Chicago White Sox Rankings: Dallas Keuchel

At mid-season, the SSS staff ranked the White Sox 46-46, from class leader Dylan Cease to Dallas Keuchel. We’ve come up with a WARsss metric that could very well be just a cute way to present our special site ratings – but really for all you know, it could be the product of years of research in a stats lab.

Our extensive report card will walk us through everyone who has spent time in uniform for the White Sox, as well as some front office types. Most of our writers will take a few players, with final notes and short writings, until the end of November. Enjoy!


Jose Ruiz
Right Handed Relief Pitcher
Mid-season: 1.5 WARsss
Final: 0.8 WARsss

You can’t teach speed, and Ruiz throws a fastball that averages 97 mph. Despite that, Ruiz has relied on his heat much less in 2022, mixing in a change he probably shouldn’t have had, as he doesn’t handle it well, and it’s a below average offer. If Ruiz reverts to a mostly fastball/curveball mix (he’s mostly avoided his slider), there’s plenty of reason to believe he can continue to be a mediocre but reliable relief pitcher on the cheap. He will enter his 28-year-old season, so he’s barely over the hill, and may still have another step to take in his development.

However, entering his first year of refereeing in a team with serious budget problems, it may not be worth investing even a modest raise in Ruiz, given the lack of results beyond simple utility. He’s out of options, further complicating his status, and being at replacement level like Ruiz by definition means you’re perfectly replaceable.
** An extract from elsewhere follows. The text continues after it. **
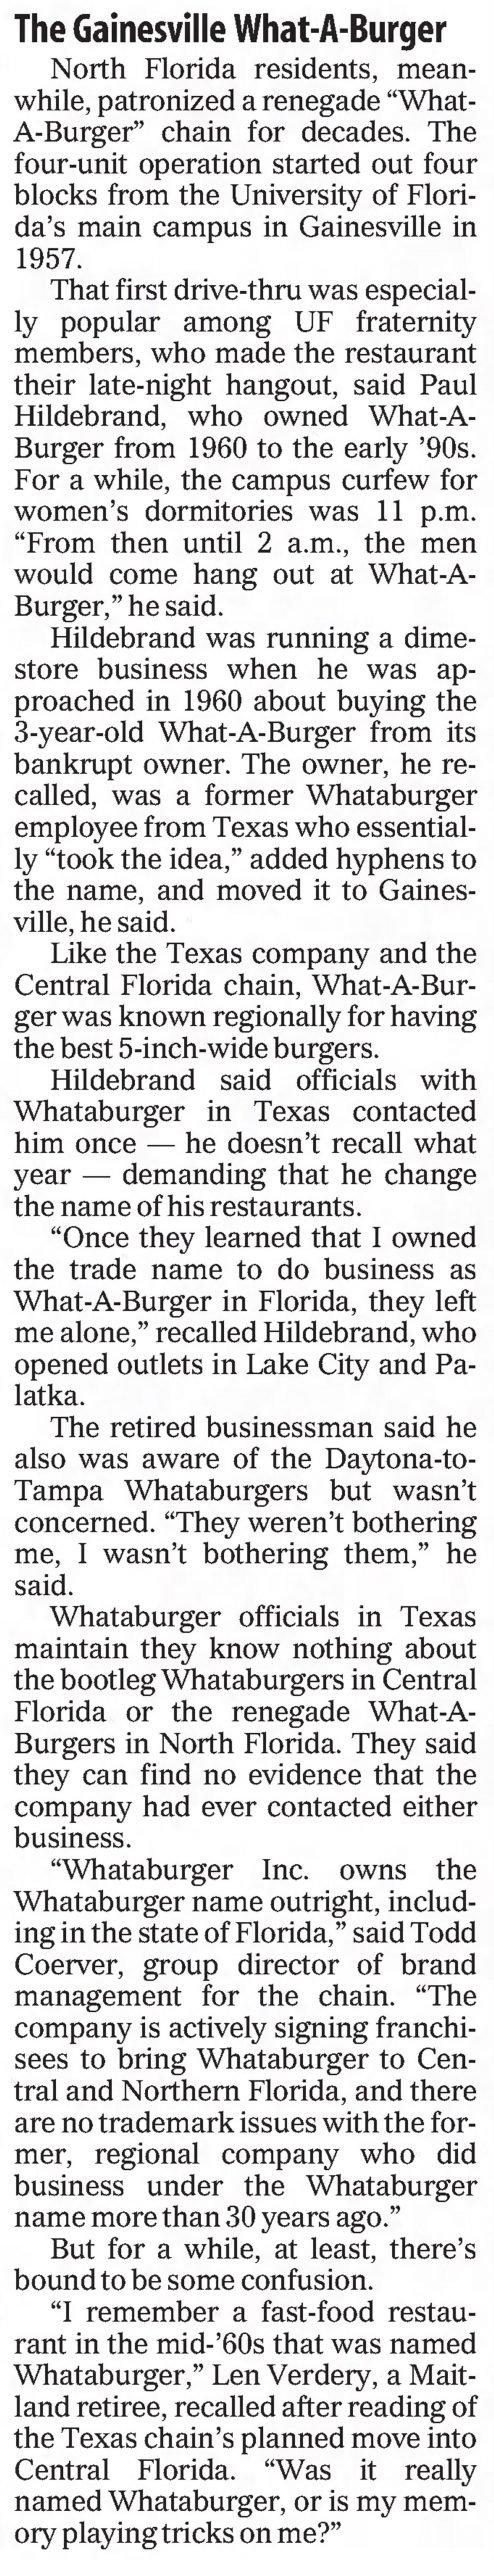 Whataburger in Gainesville

The right-hander has really struggled with command and control this season, trying to work out a bigger change in his pitch mix.
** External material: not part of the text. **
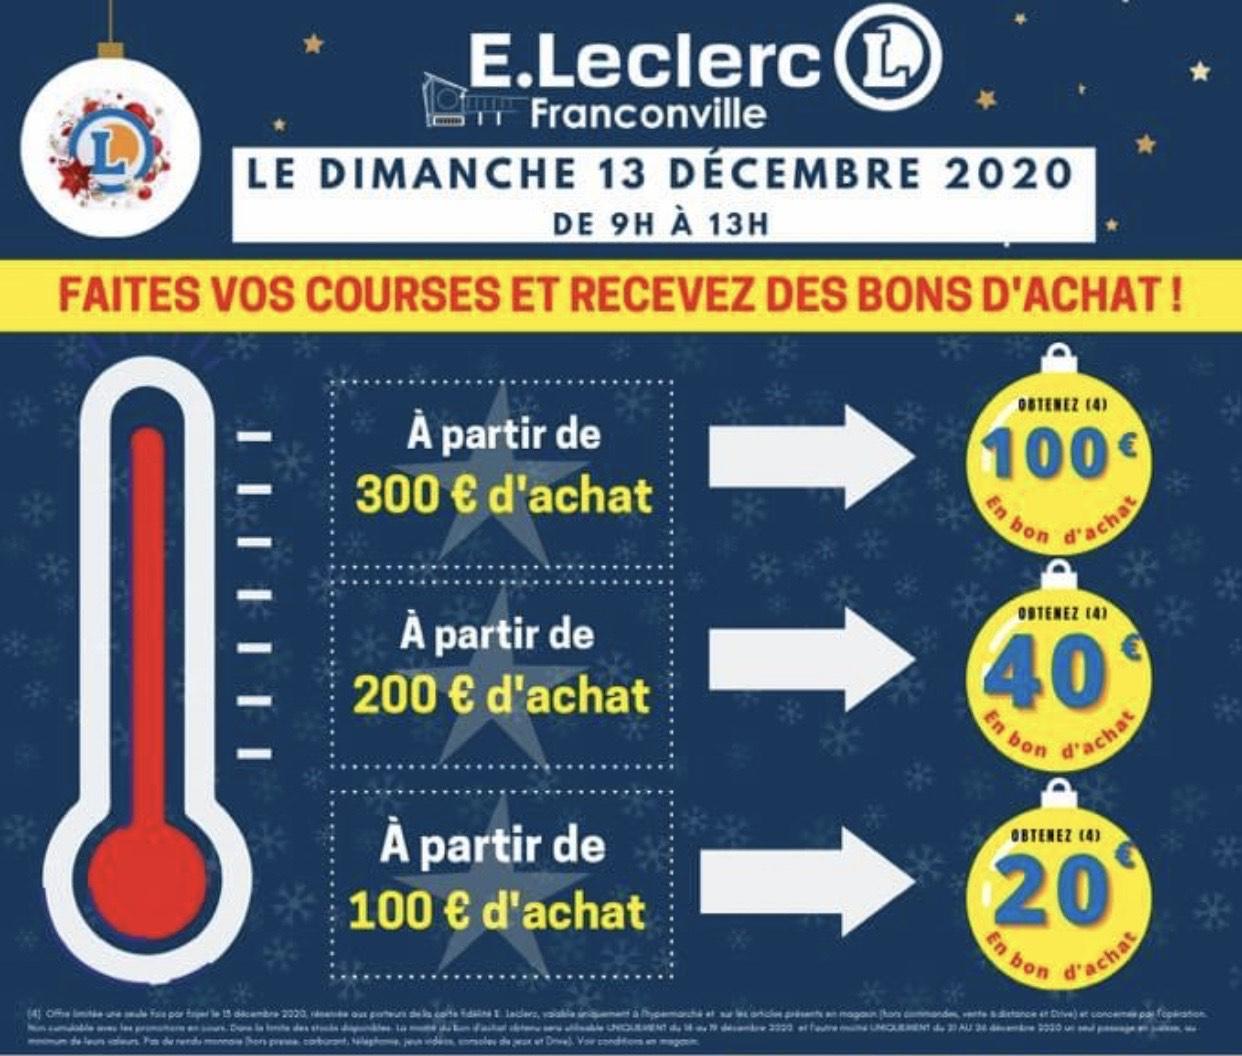 20€ en bon d'achat dès 100€, 40€ dès 200€ et 100€ dès 300€ d'achat en magasin - Franconville (95)

Bottom line, Ruiz has been the target of more hate than he deserves. As the last arm out of the bullpen, he’s not a great reliever, but he’s at least demonstrated some ground performance and durability that makes him useful. Sure, he’ll probably never dominate, but having a guy who can last a full season without the bottom falling out of the tub isn’t too bad, and considering the depth issues the White Sox constantly face, paying around a million dollars to keep a guy like Ruiz around isn’t the worst thing. If they don’t aspire to spend on bigger things (and even if they do, those expenses shouldn’t be in the bullpen), Ruiz should still be an affordable insurance policy.


2022 White Sox Ratings

Jose Ruiz, HRRP, 0.8
Mark Payton, DE, 0.6
Carlos Perez, C, 0.399
Lucas Giolito, HRSP, 0.392
Adam Engel, OF, 0.237
Vince Velasquez, RHP, -0.4
Reese McGuire, C, -1.1
Kyle Crick, RHRP, -1.65
Joe Kelly, RHRP, -1.75
Daryl Boston, Coach 1B, -2.0
Anderson Severino, LHRP, -2.2
Jerry Reinsdorf, CLEAN, -2.321
Jake Diekman, LHRP, -2.366
Rick Hahn, General Manager, -2.401
Bennett Sousa, LHRP, -2.425
Frank Menechino, BAT COACH, -2.469
Yasmani Grandal, C/DH, -2.549
Leury Garcia, UTIL, -2.7
Adam Haseley, DE, -3.146
Joe McEwing, 3B coach, -3.167
Ryan Burr, RHRP, -3.4
Tony La Russa, MGR, -3.5
Dallas Keuchel, LHSP, -3.9


Survey

Jose Ruiz is a bit of a flashpoint for fans outside the bullpen. Is our score correct?

  • 0%
    Too hard, it shows up and eats sleeves.

    (0 votes)

  • 0%
    Too nice, it is replacement level.

    (0 votes)

  • 0%
    I’m really beyond caring about José Ruiz, so sure, great job SSS.